*** Opening of DATASET EXCERPT ***
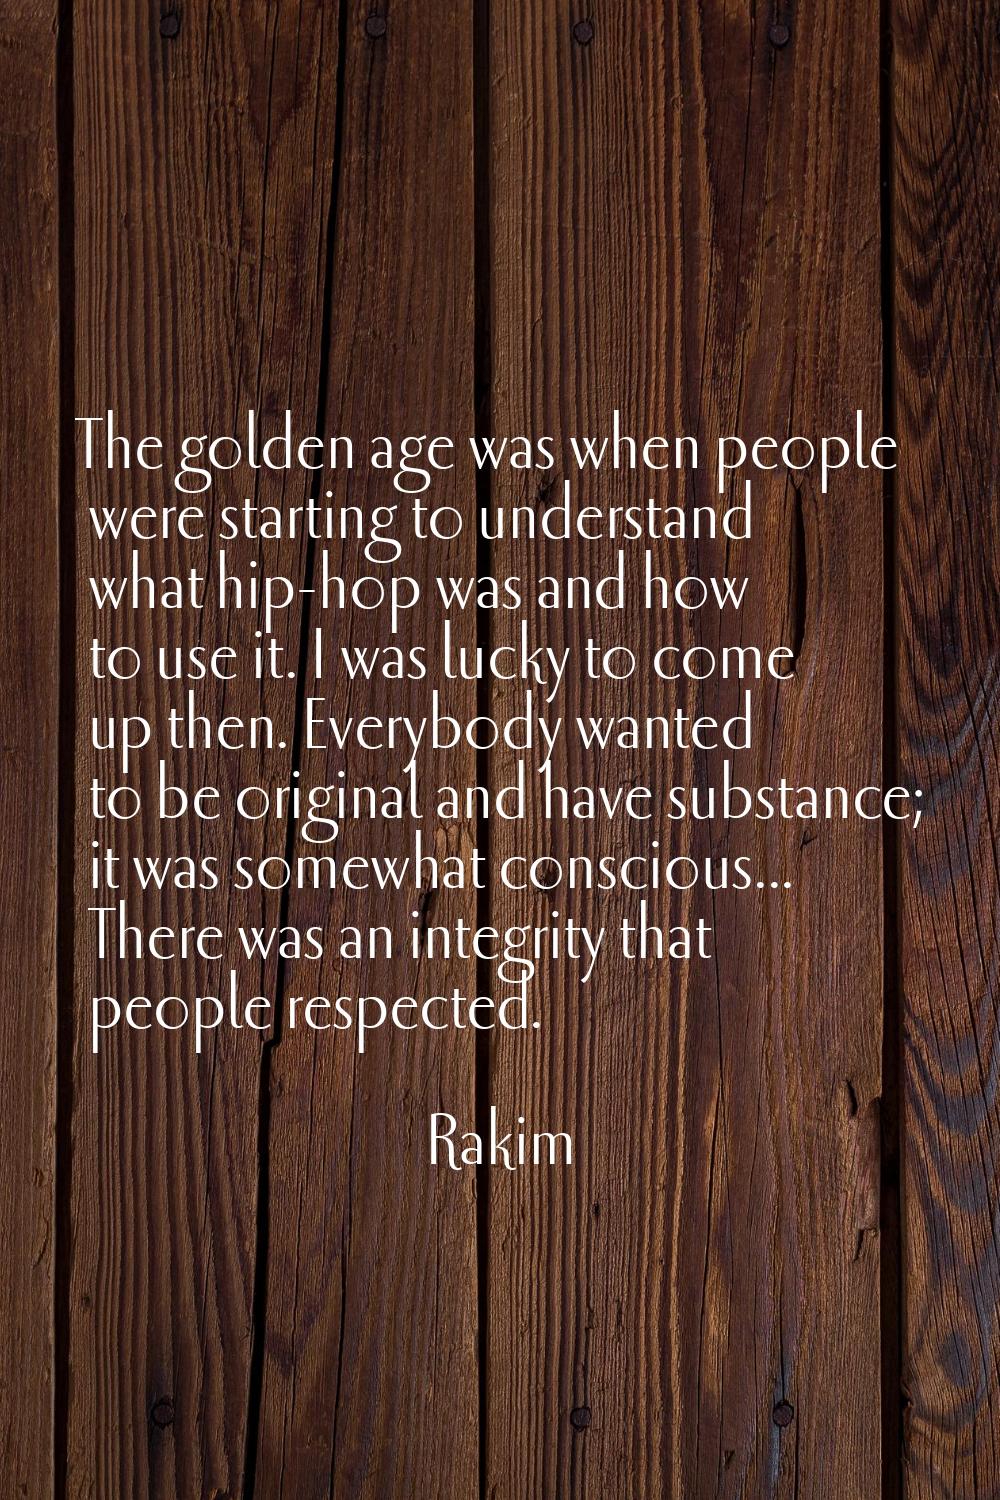 The golden age was when people were starting to understand what hip-hop was and how to use it. I wa
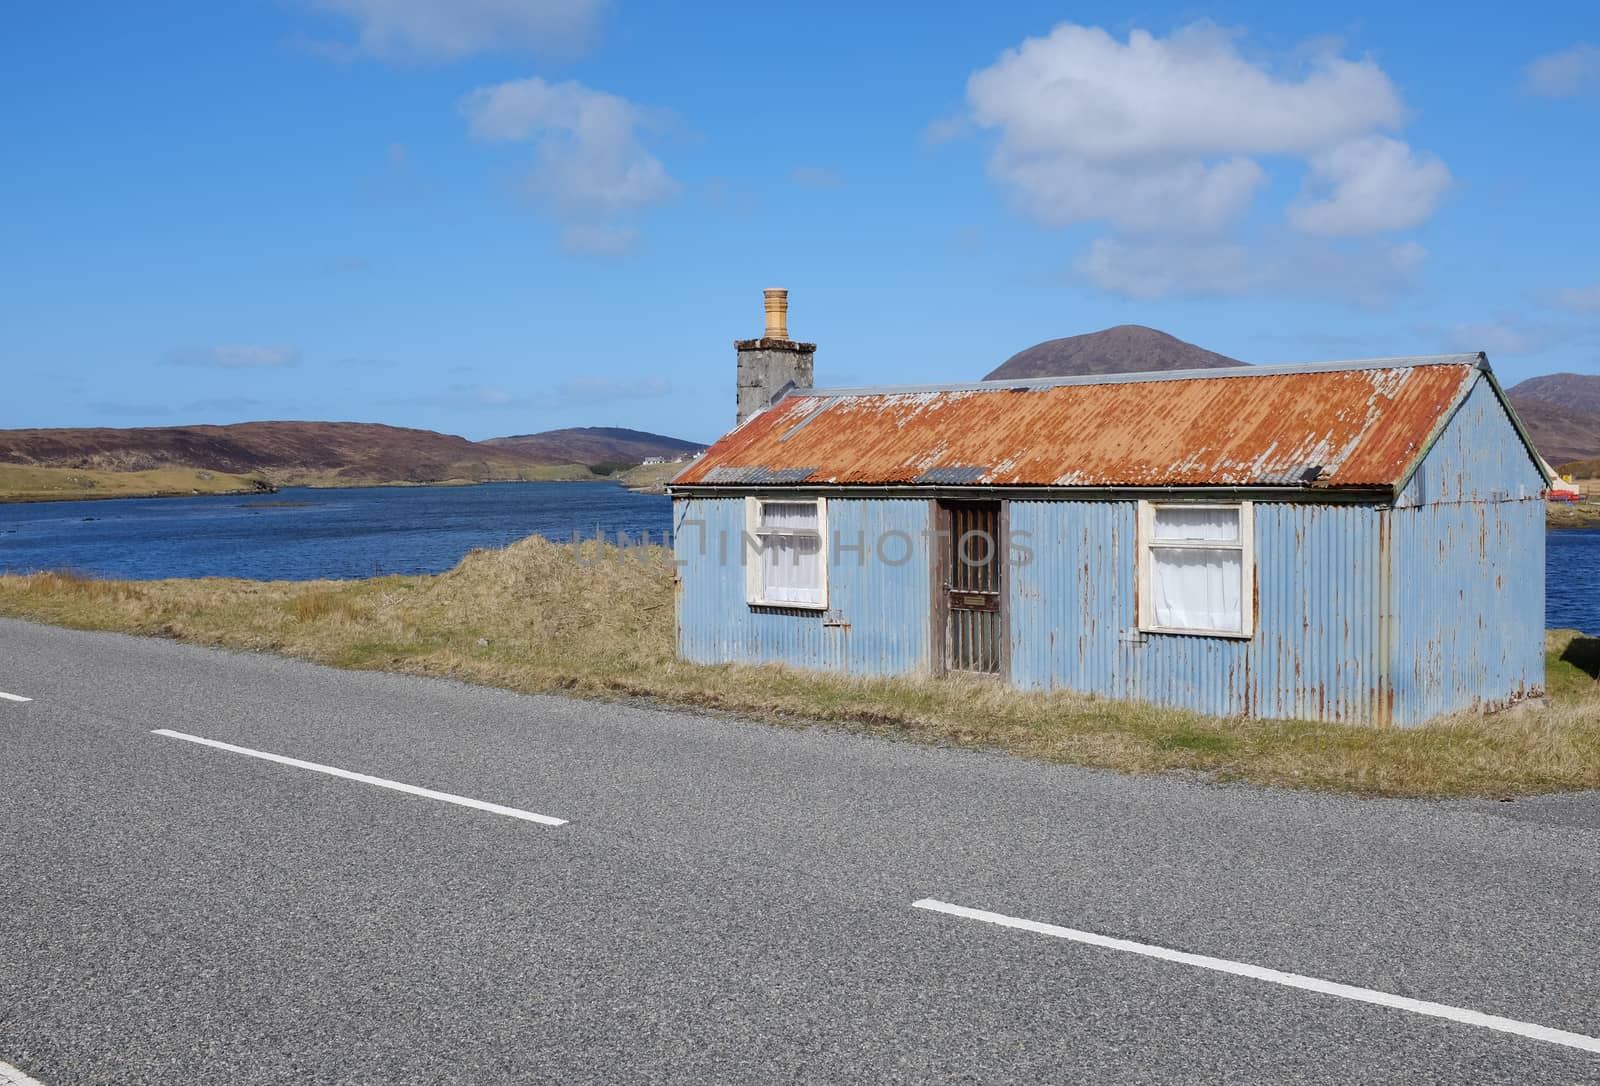 A derelict corrugated metal building on the side of the road with water and hills in the distance under a blue sky.
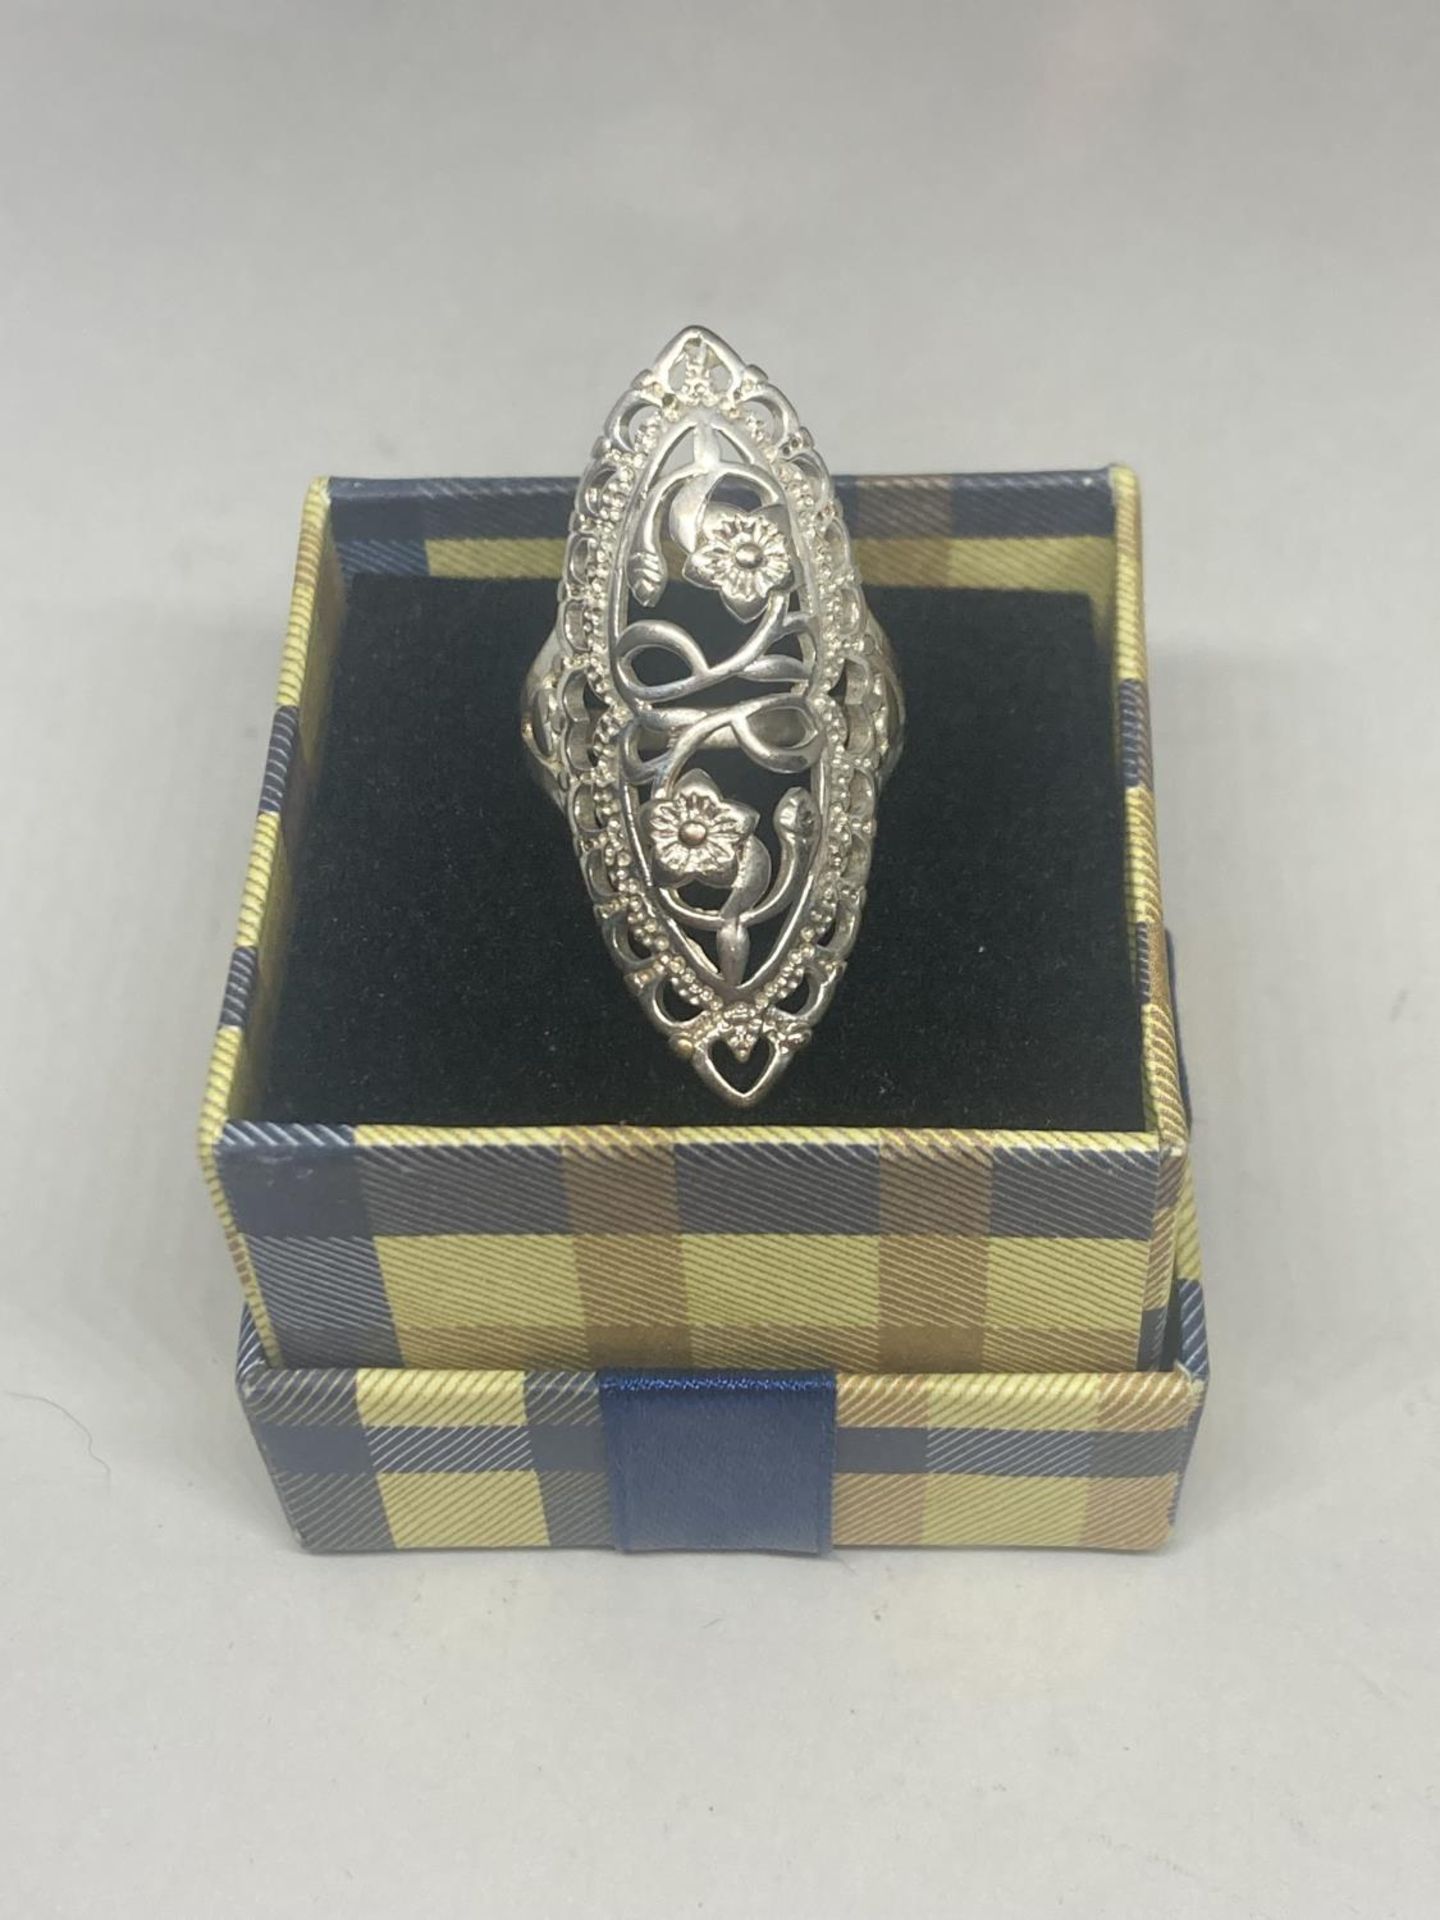 A MARKED 925 LARGE DECORATIVE FLORAL RING IN A PRESENTATION BOX
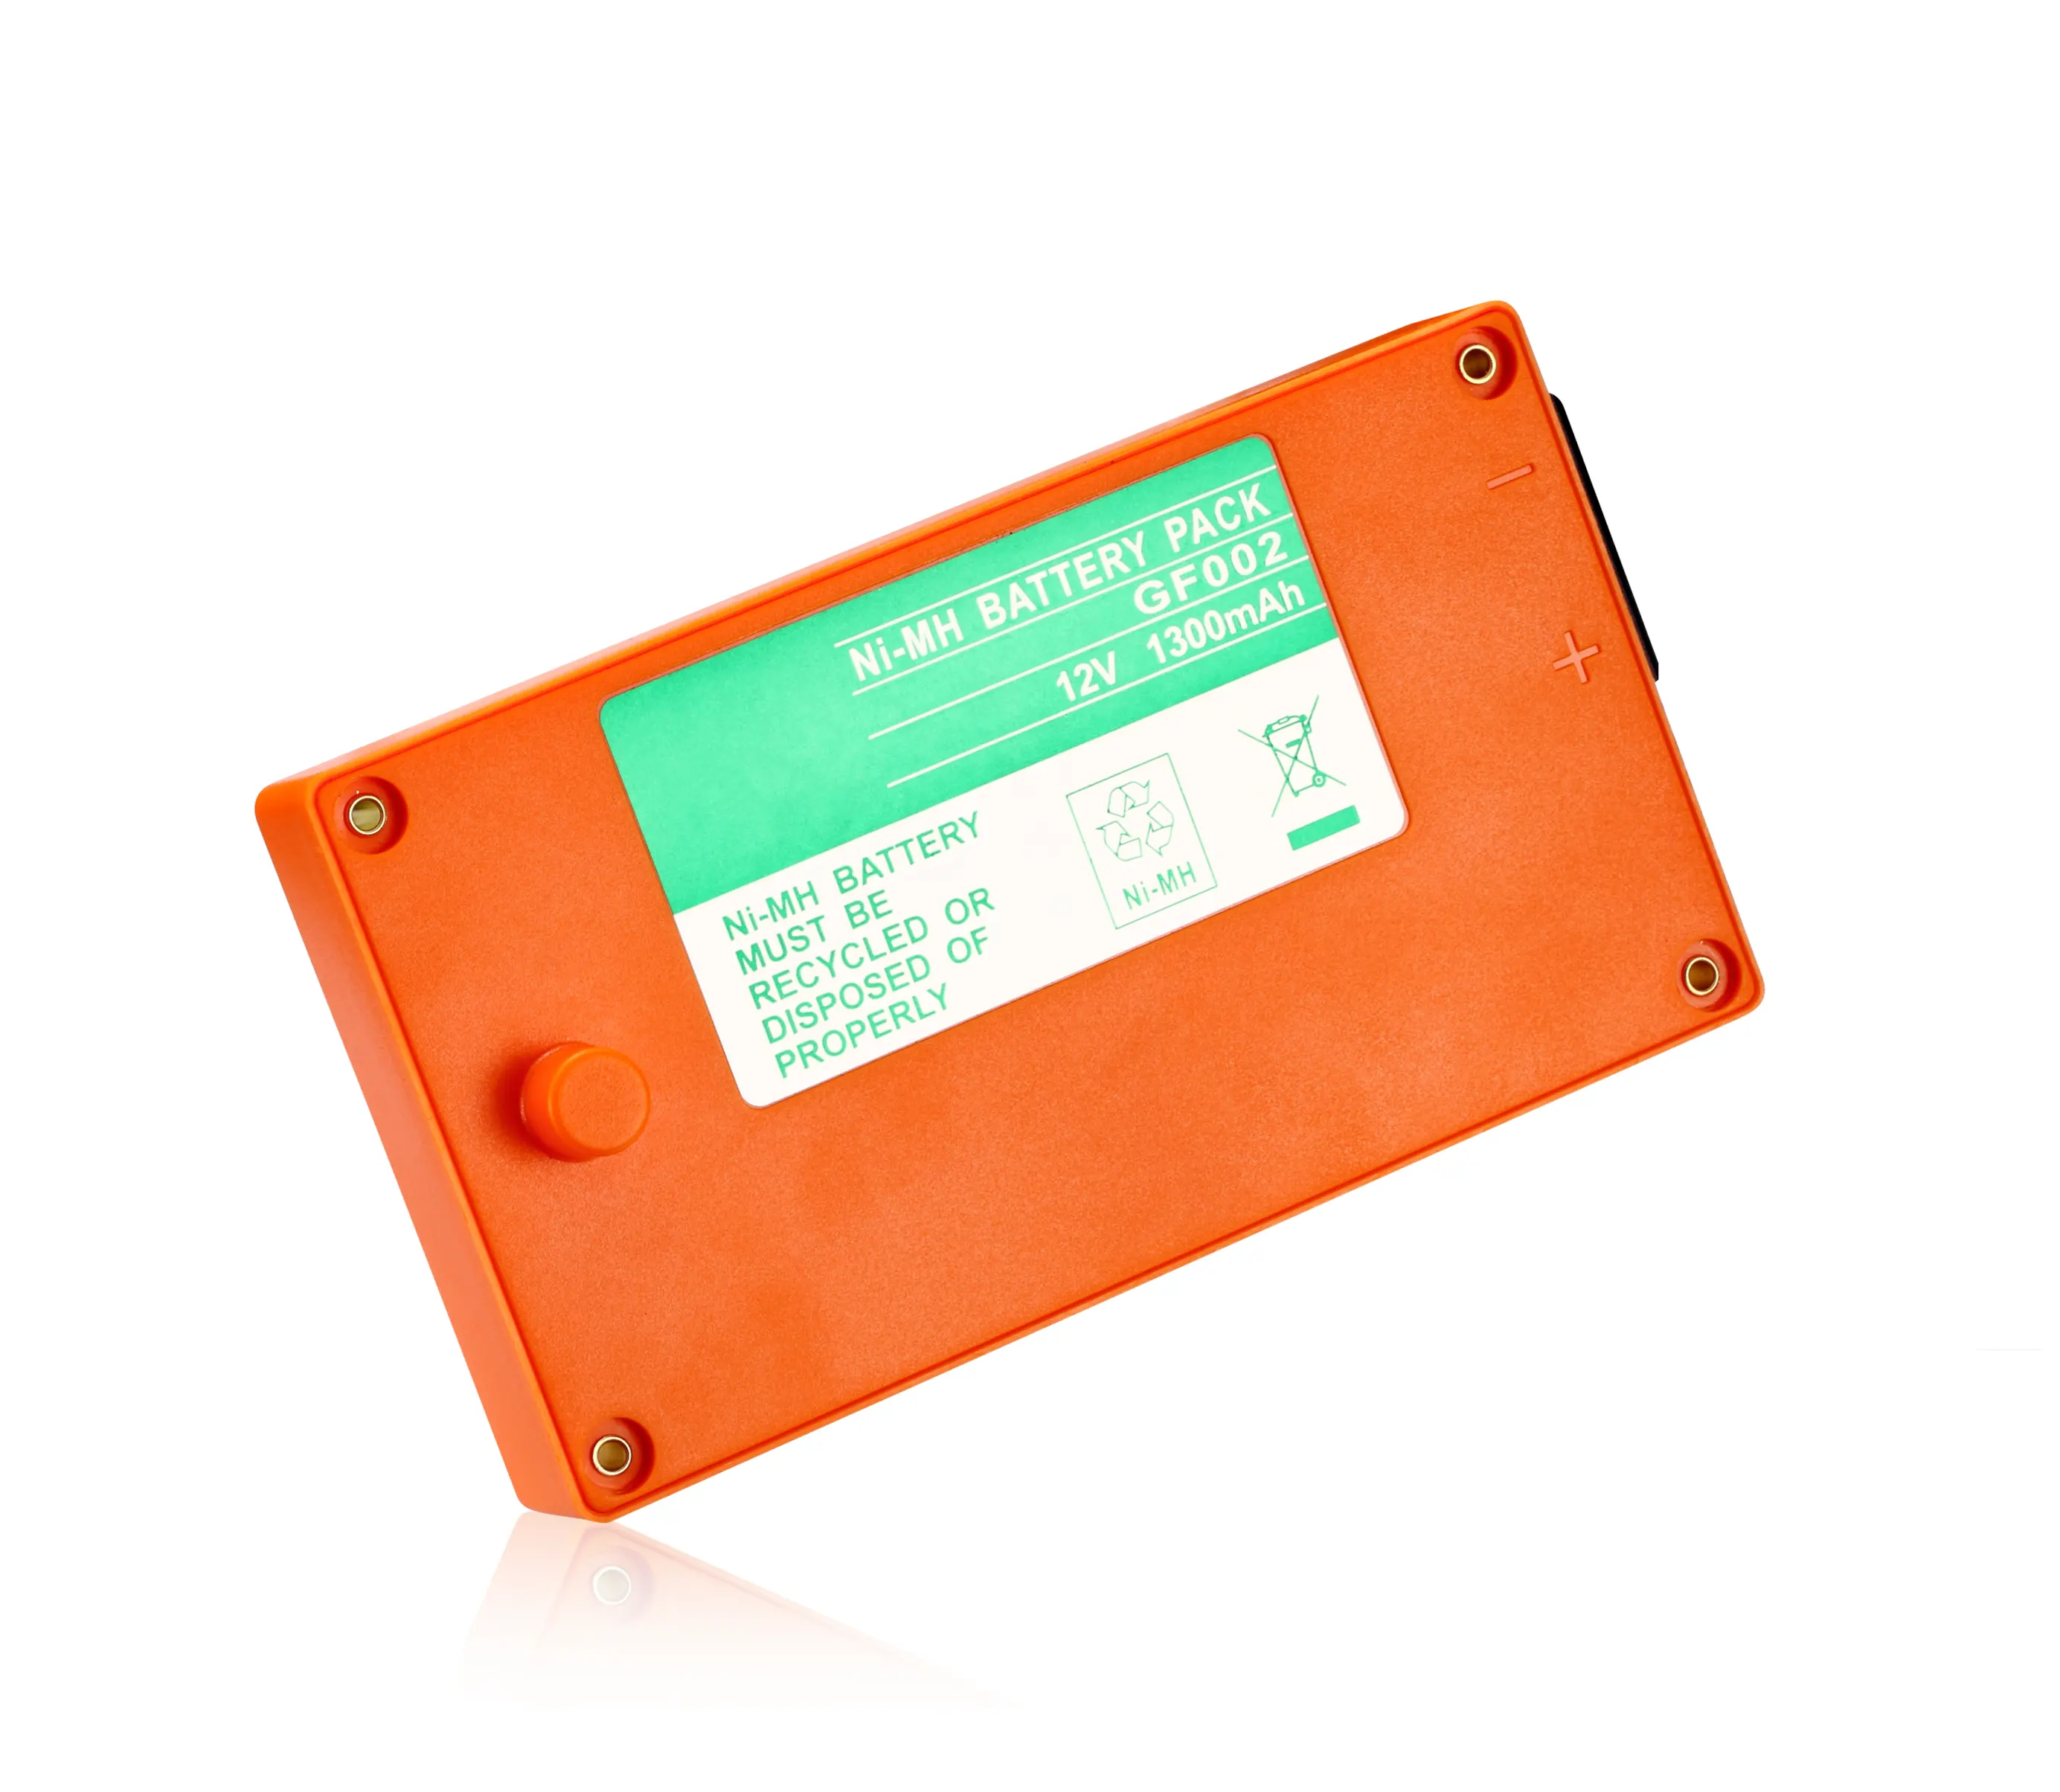 Rechargeable Battery MH 12V/1800mAh battery GF002 for Grossfunk SE889
*** Close of DATASET EXCERPT ***
[WORK TO BE COMPLETED] Please set down the lines above word for word and leave out the pictures.

[RESPONSE BELOW]
 The golden age was when people were starting to understand what hip-hop was and how to use it. I wa
 A derelict corrugated metal building on the side of the road with water and hills in the distance under a blue sky.
 A MARKED 925 LARGE DECORATIVE FLORAL RING IN A PRESENTATION BOX
 Rechargeable Battery MH 12V/1800mAh battery GF002 for Grossfunk SE889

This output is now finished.